Leider war ihren Großeltern ein wichtiger Termin dazwischen gekommen, weswegen sie leider nicht teilnehmen konnten.

Ein langer, hölzerner Weg führte von der Promenade bis in den Sand und am Ufer der Nordsee versammelte sich eine große Gruppe von Jugendlichen, die allerhand Müllsäcke, Warnwesten und Greifer bei sich trugen.

Elisa lief schneller. Sie wollte auf keinen Fall zu spät kommen! "Bin ich zu spät?", fragte sie panisch. "Nein, es fehlen noch einige Leute. Dein Name?", Elisa blickte in die versteifte Miene, einer etwas dreißig Jährigen Frau, deren dunkelblonde Haare zu einem Pferdeschwanz gebunden waren. "Dein Name?", erinnerte sie Elisa mit scharfer Stimme. "Elisa Tannenbeck." "Danke, dann gesell dich doch bitte zu den anderen Jugendlichen."

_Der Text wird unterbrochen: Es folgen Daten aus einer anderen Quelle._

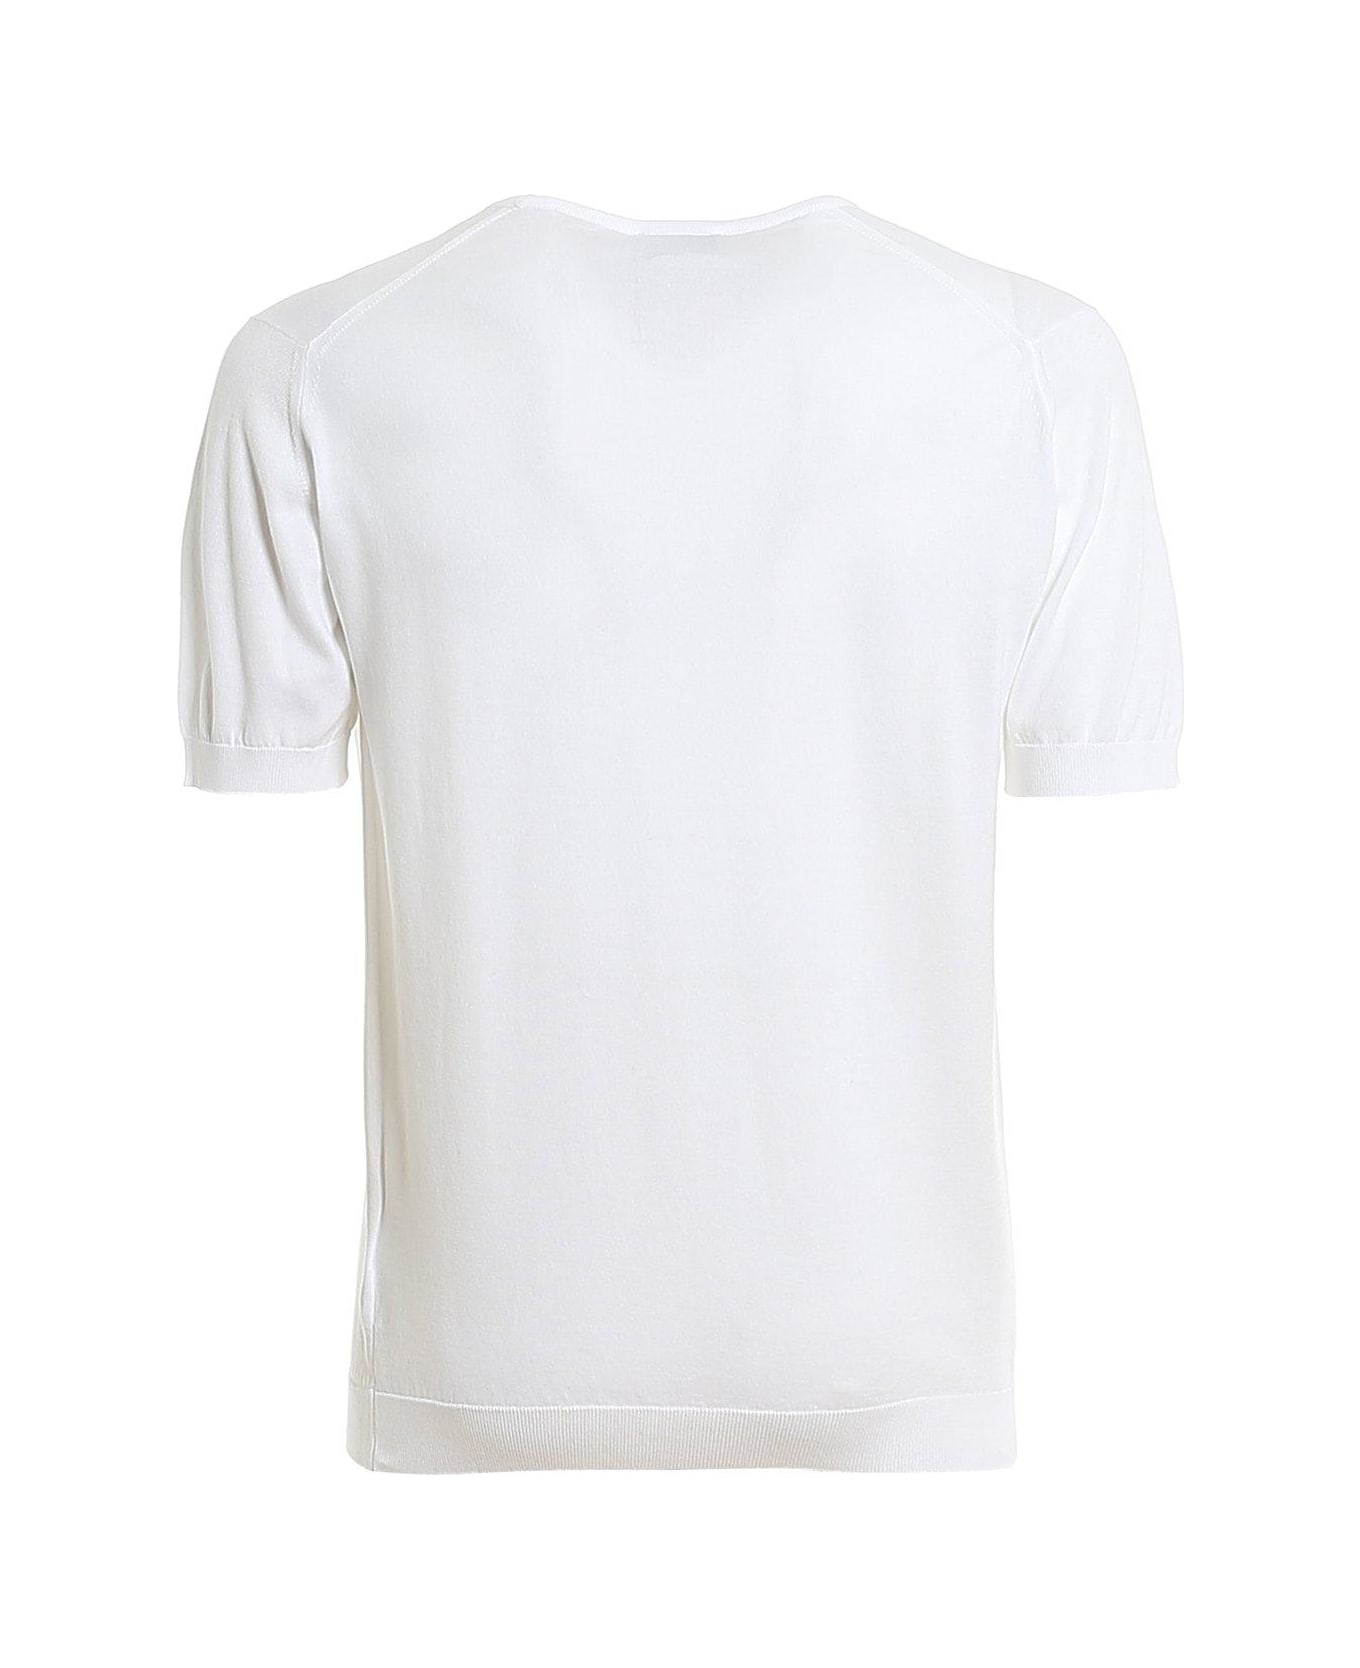 John Smedley Belden Classic T-shirt - WHITE シャツ

Danach trafen ungefähr ein dutzend Teenager ein, denen Elisa jedoch keine Beachtung schenkte. Ihre Aufmerksamkeit galt nur dem Meer. Das Gewässer faszinierte sie auf eine befremdliche Art und Weise. Wie hypnotisiert schaute sie auf sie seichten Wellen. Es war wieder diese Sehnsucht, die sie schon einige Male davor gespürt hatte. Doch diesmal war sie unglaublich stark, als würde eine unsichtbare Hand nach ihr greifen und sie mit sich zerren wollen. 

"Wer bist du?", fragte die Frau wieder, die wahrscheinlich die Betreuerin war, einen jungen ihres Alters und riss Elisa aus dem Bann des Meeres. "Daniel Niedermayer", erwiderte er. "Daniel, du bist zu spät!", mahnte die Frau ihn. 

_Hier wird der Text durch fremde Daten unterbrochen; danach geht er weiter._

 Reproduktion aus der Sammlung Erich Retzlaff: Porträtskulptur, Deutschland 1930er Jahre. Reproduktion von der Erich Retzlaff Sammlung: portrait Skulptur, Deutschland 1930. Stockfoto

Warum hörte Elisa ihnen überhaupt zu? Es war nichts weiter als ein lächerliches Gespräch! Aber dennoch lenkte der Junge ihre Aufmerksamkeit auf sich. Elisa hoffte inständig das er nicht bemerkte, wie sie ihn anstarrte.

"Ich bin nicht zu spät. Das hier ist ein Umweltprojekt und keine Schule. Aber wenn sie keine kleinen Helferlein brauchen, kann ich auch wieder gehen!", stellte er klar. Die Frau war sichtlich überfordert mit seiner Antwort, also hackte sie ihn einfach nur auf ihrer Liste ab. 

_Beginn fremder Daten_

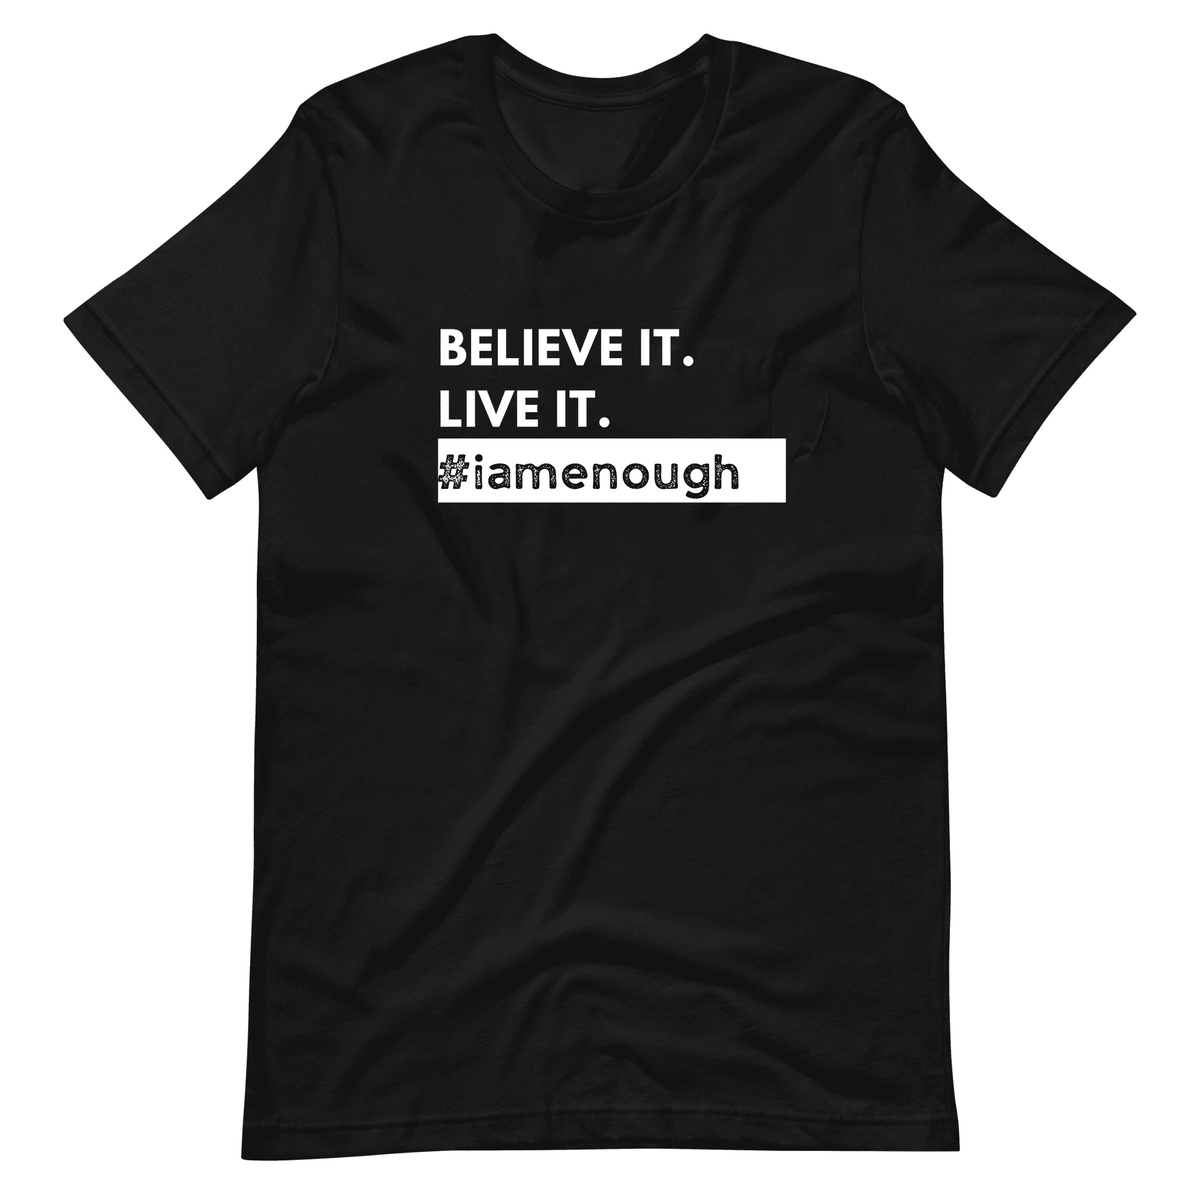 #iamenough BELIEVE IT. LIVE IT. - Motivational Graphic T-Shirt for Men | I Am Enough Collection

Daniel drehte sich plötzlich zu ihr um. "Denkst du ich merke nicht, das du mich die ganze Zeit anstarrst?".  Ihr Blick haftete immer noch an ihm. Wie sollte sie aus dieser Situation herauskommen? Dabei lag die Rettung direkt vor ihrer Nase. 

"Auf deinem Shirt klebt Kaugummi.", entgegnete Elisa. "Scheiße! Sorry wegen meinem ersten miesen Eindruck.", Daniel schüttelte ihre Hand," Ich bin Daniel. Schön dich zu Treffen!" Der Rotschopf lächelte sie an. Seine grünen Augen leuchteten, als hätte er grad seine Seelenverwandte gefunden. Aber das waren sie sicher nicht! Er war laut, selbstbewusst und frech. Sie gehorsam, leise und brav! "Ich bin Elisa. Schön dich kennenzulernen", sie schüttelte seine Hand ebenfalls.

Allerdings wusste Elisa nicht, welche drastischen Veränderungen sie diesen Tag erleben würde. Schon bald würde sie nicht mehr das kleine unreife Mädchen sein!